In some embodiments, the disclosed systems and methods are practiced in a cloud computing environment. In some embodiments, cloud computing environments are distributed, although this is not required. When distributed, cloud computing environments may be distributed internally within an organization and/or have components possessed across multiple organizations. In this description and the following claims, “cloud computing” is a model for enabling on-demand network access to a shared pool of configurable computing resources (e.g., networks, servers, storage, applications, and services). A cloud computing model can be composed of various characteristics, such as on-demand self-service, broad network access, resource pooling, rapid elasticity, measured service, and so forth. A cloud computing model may also come in the form of various service models such as Software as a Service (SaaS), Platform as a Service (PaaS), Infrastructure as a Service (IaaS), etc. The cloud computing model may also be deployed using different deployment models such as private cloud, community cloud, public cloud, hybrid cloud, etc.

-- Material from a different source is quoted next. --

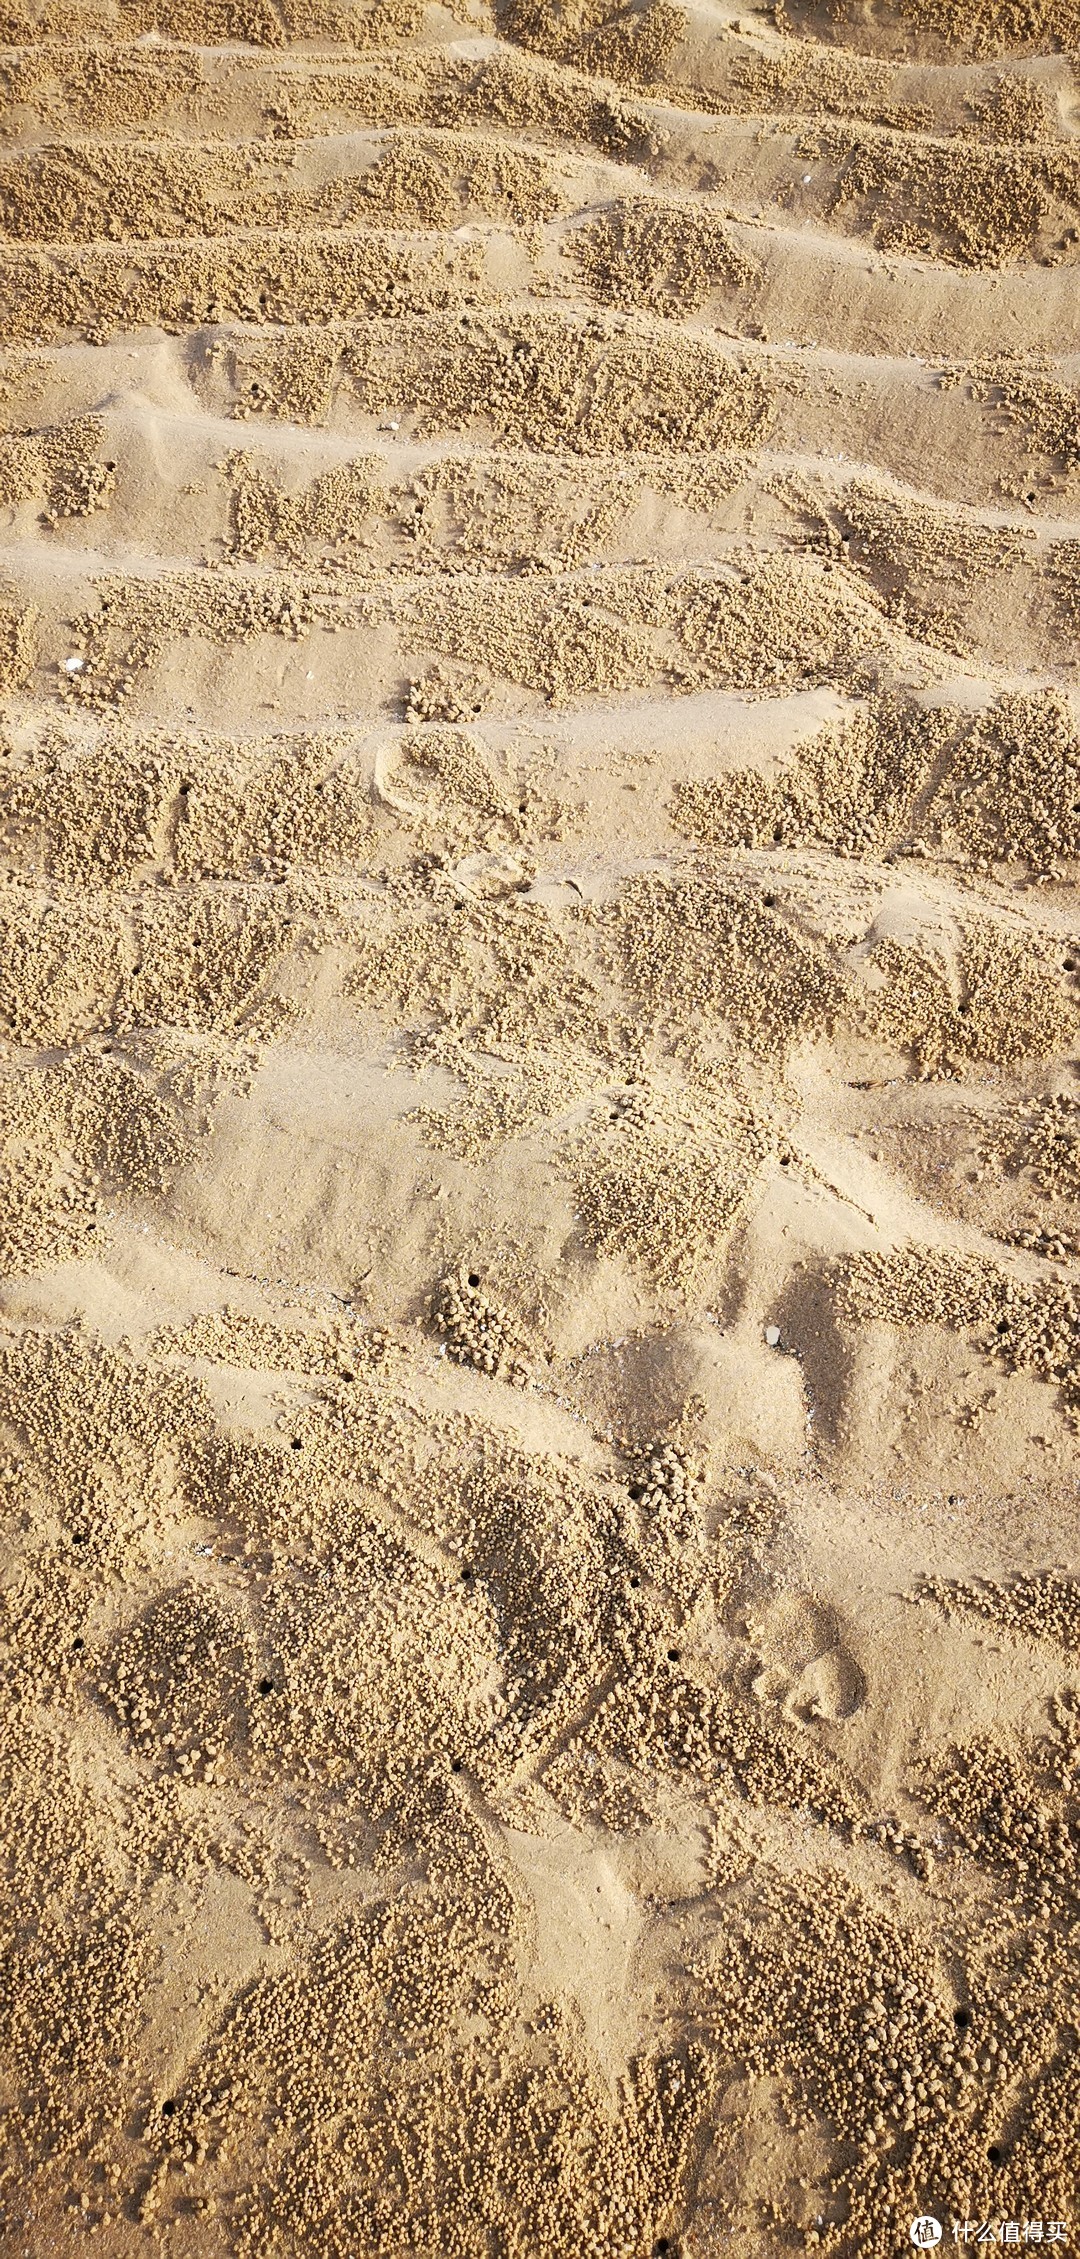 沙滩上的小螃蟹挖的洞

Some embodiments, such as a cloud computing environment, comprise a system with one or more hosts capable of running one or more virtual machines (VMs). During operation, VMs emulate an operational computing system, supporting an operating system (OS) and perhaps one or more other applications. In some embodiments, each host includes a hypervisor that emulates virtual resources for the VMs using physical resources that are abstracted from the view of the VMs. The hypervisor also provides proper isolation between the VMs. Thus, from the perspective of any given VM, the hypervisor provides the illusion that the VM is interfacing with a physical resource, even though the VM only interfaces with the appearance (e.g., a virtual resource) of a physical resource. Examples of physical resources include processing capacity, memory, disk space, network bandwidth, media drives, and so forth.

Although the subject matter has been described in language specific to structural features and/or methodological acts, it is to be understood that the subject matter defined in the appended claims is not necessarily limited to the described features or acts described supra or the order of the acts described supra. Rather, the described features and acts are disclosed as example forms of implementing the claims.

The present disclosure may be embodied in other specific forms without departing from its essential characteristics. The described embodiments are only illustrative and not restrictive. All changes that come within the meaning and range of equivalency of the claims are to be embraced within their scope.

When introducing elements in the appended claims, the articles “a,” “an,” “the,” and “said” are intended to mean there are one or more of the elements. The terms “comprising,” “including,” and “having” are intended to be inclusive and mean that there may be additional elements other than the listed elements. Unless otherwise specified, the terms “set,” “superset,” and “subset” are intended to exclude an empty set, and thus “set” is defined as a non-empty set, “superset” is defined as a non-empty superset, and “subset” is defined as a non-empty subset. Unless otherwise specified, the term “subset” excludes the entirety of its superset (i.e., the superset contains at least one item not included in the subset). Unless otherwise specified, a “superset” can include at least one additional element, and a “subset” can exclude at least one element.